___ EXCERPTED DATA ___
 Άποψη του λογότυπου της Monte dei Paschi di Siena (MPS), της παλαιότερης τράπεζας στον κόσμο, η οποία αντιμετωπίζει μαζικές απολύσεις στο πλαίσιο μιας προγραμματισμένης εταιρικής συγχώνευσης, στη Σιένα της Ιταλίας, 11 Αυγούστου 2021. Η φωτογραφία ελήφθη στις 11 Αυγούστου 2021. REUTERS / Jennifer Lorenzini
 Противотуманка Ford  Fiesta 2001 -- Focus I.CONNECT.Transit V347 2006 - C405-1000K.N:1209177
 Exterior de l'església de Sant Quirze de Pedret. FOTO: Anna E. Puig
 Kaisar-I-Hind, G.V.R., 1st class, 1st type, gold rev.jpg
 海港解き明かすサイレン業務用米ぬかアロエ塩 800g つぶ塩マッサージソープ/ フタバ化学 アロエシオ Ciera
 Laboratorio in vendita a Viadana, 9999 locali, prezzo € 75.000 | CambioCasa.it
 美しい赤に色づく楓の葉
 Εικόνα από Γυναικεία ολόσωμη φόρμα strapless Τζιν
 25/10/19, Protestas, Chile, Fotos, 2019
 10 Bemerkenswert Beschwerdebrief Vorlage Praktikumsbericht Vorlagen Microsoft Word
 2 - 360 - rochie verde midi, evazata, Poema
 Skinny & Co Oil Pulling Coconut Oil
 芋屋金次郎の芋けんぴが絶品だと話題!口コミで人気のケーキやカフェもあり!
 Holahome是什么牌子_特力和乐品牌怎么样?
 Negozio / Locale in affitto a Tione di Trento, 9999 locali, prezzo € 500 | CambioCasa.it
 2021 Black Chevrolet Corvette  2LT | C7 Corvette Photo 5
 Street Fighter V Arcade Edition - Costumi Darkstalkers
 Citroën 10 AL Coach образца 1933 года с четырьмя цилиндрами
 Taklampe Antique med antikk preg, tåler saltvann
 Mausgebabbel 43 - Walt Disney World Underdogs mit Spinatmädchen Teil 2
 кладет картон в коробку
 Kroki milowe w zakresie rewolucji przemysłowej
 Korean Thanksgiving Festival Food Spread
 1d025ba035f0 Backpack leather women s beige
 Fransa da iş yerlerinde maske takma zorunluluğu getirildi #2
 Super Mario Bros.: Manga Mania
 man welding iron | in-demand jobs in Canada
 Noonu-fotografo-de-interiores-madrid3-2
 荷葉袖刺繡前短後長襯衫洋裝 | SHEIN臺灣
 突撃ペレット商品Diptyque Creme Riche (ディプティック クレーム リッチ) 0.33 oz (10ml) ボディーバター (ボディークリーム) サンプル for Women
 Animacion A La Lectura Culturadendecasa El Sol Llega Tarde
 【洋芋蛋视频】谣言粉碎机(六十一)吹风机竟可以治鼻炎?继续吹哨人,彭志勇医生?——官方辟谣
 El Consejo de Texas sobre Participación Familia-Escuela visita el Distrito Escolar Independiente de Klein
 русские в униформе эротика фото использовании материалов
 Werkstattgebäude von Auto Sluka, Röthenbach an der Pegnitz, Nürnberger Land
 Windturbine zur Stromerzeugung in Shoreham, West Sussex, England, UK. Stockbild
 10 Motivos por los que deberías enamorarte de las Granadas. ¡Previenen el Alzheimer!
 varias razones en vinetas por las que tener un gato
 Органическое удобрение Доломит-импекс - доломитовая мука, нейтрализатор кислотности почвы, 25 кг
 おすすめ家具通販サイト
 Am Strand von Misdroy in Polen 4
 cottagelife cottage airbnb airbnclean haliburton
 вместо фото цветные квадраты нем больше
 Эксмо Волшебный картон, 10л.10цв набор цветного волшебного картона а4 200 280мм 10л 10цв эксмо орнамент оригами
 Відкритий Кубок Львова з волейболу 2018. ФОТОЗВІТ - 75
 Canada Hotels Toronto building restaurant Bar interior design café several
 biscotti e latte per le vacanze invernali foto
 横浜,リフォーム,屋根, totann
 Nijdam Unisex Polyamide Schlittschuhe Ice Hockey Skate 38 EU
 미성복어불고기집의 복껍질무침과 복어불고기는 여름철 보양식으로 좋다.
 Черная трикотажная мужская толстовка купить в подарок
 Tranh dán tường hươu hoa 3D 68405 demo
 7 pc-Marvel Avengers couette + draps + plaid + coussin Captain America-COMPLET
___
### WHAT TO DO:
Copy, exactly and only, the lines above that begin with the one containing "Holahome是什么牌子_特力和乐品牌怎么样?" and finish with the one containing "Street Fighter V".

### RESULT BELOW:
 Holahome是什么牌子_特力和乐品牌怎么样?
 Negozio / Locale in affitto a Tione di Trento, 9999 locali, prezzo € 500 | CambioCasa.it
 2021 Black Chevrolet Corvette  2LT | C7 Corvette Photo 5
 Street Fighter V Arcade Edition - Costumi Darkstalkers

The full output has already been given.